Our client Hexxon knows that it is going to be sued in British Columbia for negligence by individuals and businesses who have been disrupted by the spill including the Alaskan seafood industry, property owners and environmental groups. We are expecting approximately 38,000 plaintiffs. Hexxon’s overall strategy is to blame Captain Hazelwode as much as possible.

The firm and our client would like your preliminary assessment of what corporate law defenses we might have. We know that you are not very experienced in the area so all we really need is a point form list of questions and observations regarding the corporate law principles that might apply to provide us with some defenses based on corporate structure, and/or deny us those defenses.

If you think that there may be further facts that it would be either helpful or important to know, indicate briefly what they are. As well, please try and limit your memo to no more than four pages or less (one and half spacing).”

 

ASSIGNMENT #2 (Due by 9 AM Monday November 21, 2016)

You are a young corporate lawyer at the well-known British Columbia law firm Wie, Haight, Raye & Darr. The firm’s client Gates Williams makes an appointment to meet with you. He arrives at your office with J.O.B. Steves whom he introduces as his partner in a new venture. Mr. Williams asks you to incorporate a new company under the BCBCA.

They tell you that the company is being formed to exploit a potentially highly profitable new business opportunity that has arisen as the result a decision by the Canadian International Development Agency (“CIDA”) an agency of Canada’s Department of External Affairs to invite tenders from private sector companies for contracts to provide services that CIDA wishes to have provided in Guatemala. Mr. Williams mentions that Mr. Steves’ son-in-law is a very senior official at CIDA.

Mr. Williams that the shareholdings in the new company will be as follows:

  1. Gates Williams 1000 Class A Voting common shares to be paid for in cash
  2. O.B. Steves 1000 Class A Voting common shares to be paid for in cash
  3. C. Ahn 100 Class A Voting common shares (who is not at the meeting) to be paid for in cash

Mr.

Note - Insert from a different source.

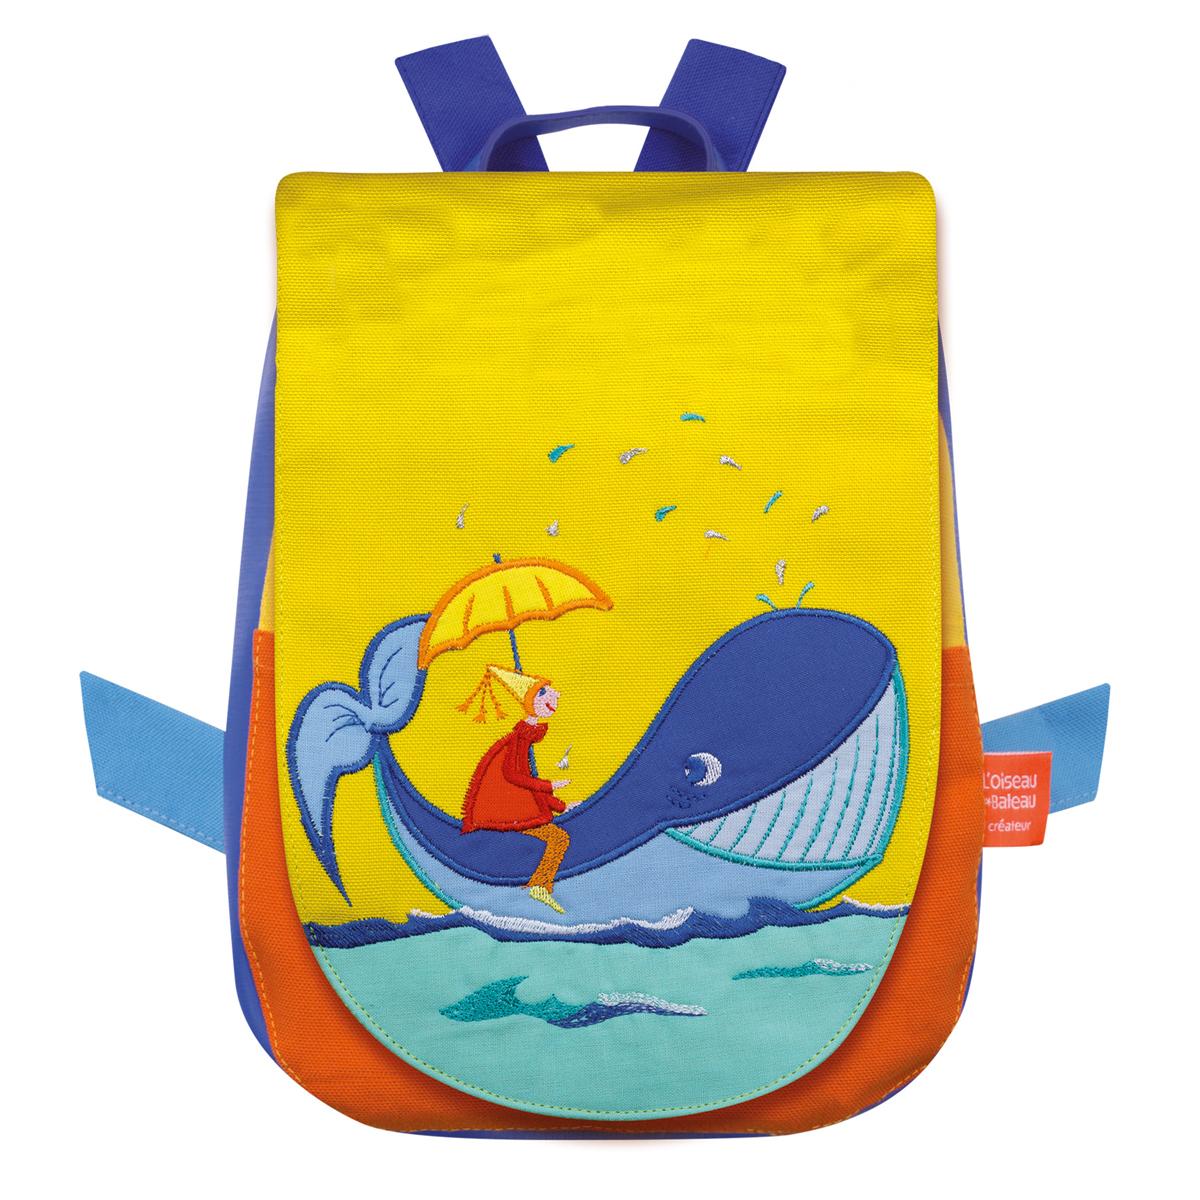 ベビーリュック・クジラに乗った少年
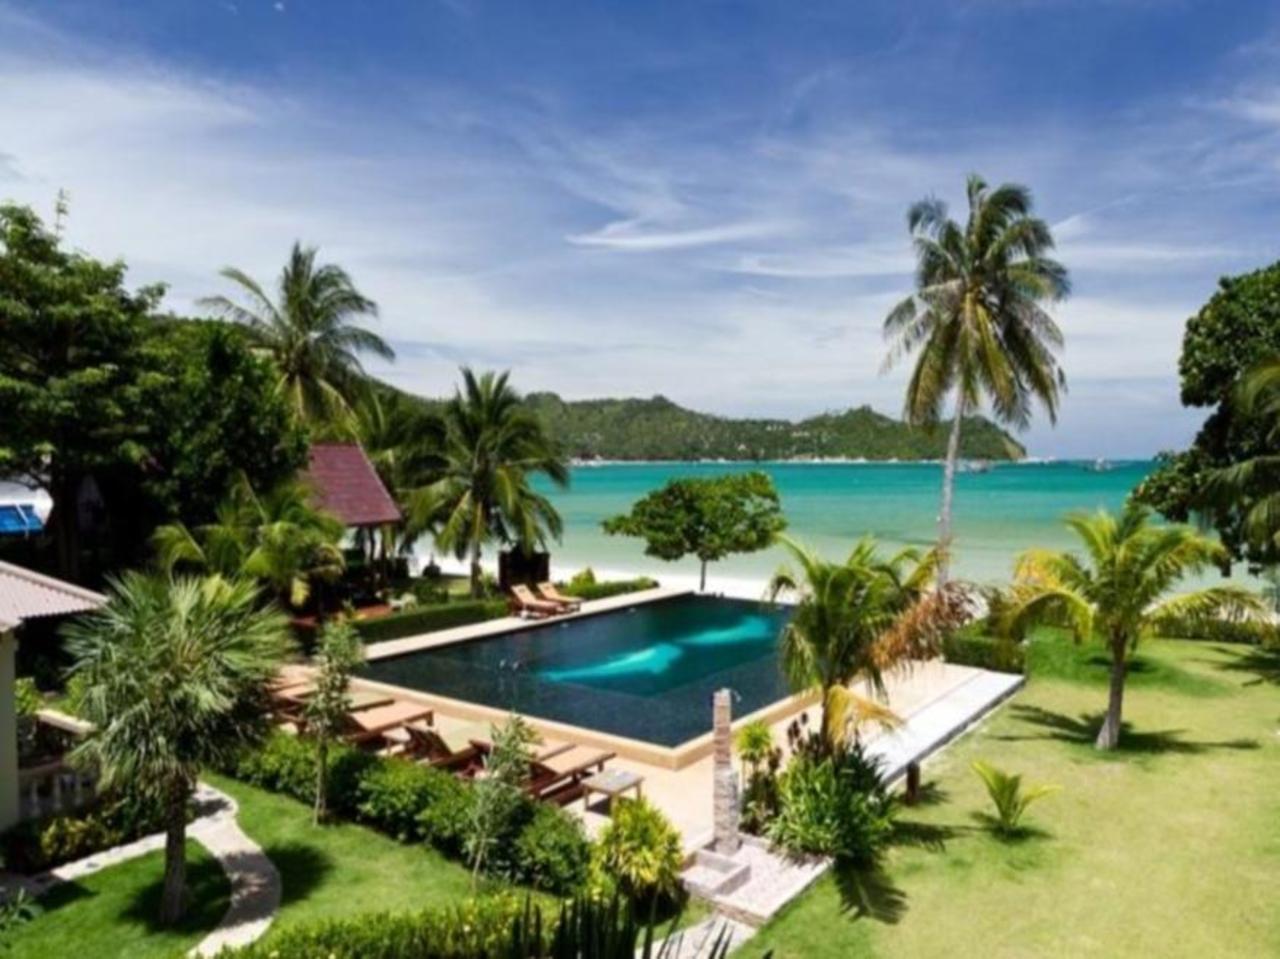 สตาร์ไลท์ รีสอร์ท (Starlight Resort)

Williams asks you whether Wie, Haight, Raye & Darr would take 200 Class A Voting common shares in lieu of fees.

Since Mr. Williams and Mr. Steves are in rather a rush they tell you that the company should have standard form articles along the lines of the model BC Articles (on TWEN), that Mr. Williams will be the sole officer and director of the company and that Mr. Steves will call later with additional instructions and information. Later the same day Mr. Williams (not Mr. Steves) calls and asks you prepare an employment agreement between Mr. Williams as President & CEO, and the new company. The employment agreement will have a term of two years and provide a salary of $500,000 per year.

Please identify briefly any legal or, in the light of the following provisions of the Law Society of BC Code of Professional Conduct, any ethical issues: s. 1.1-1 (definition of “conflict of interest”); s. 3.2-7; s. 3.2-8; s. 3.4-1; s. 3.4-28.

Please answer in three pages or less (one and half spacing). It is not necessary to repeat the facts.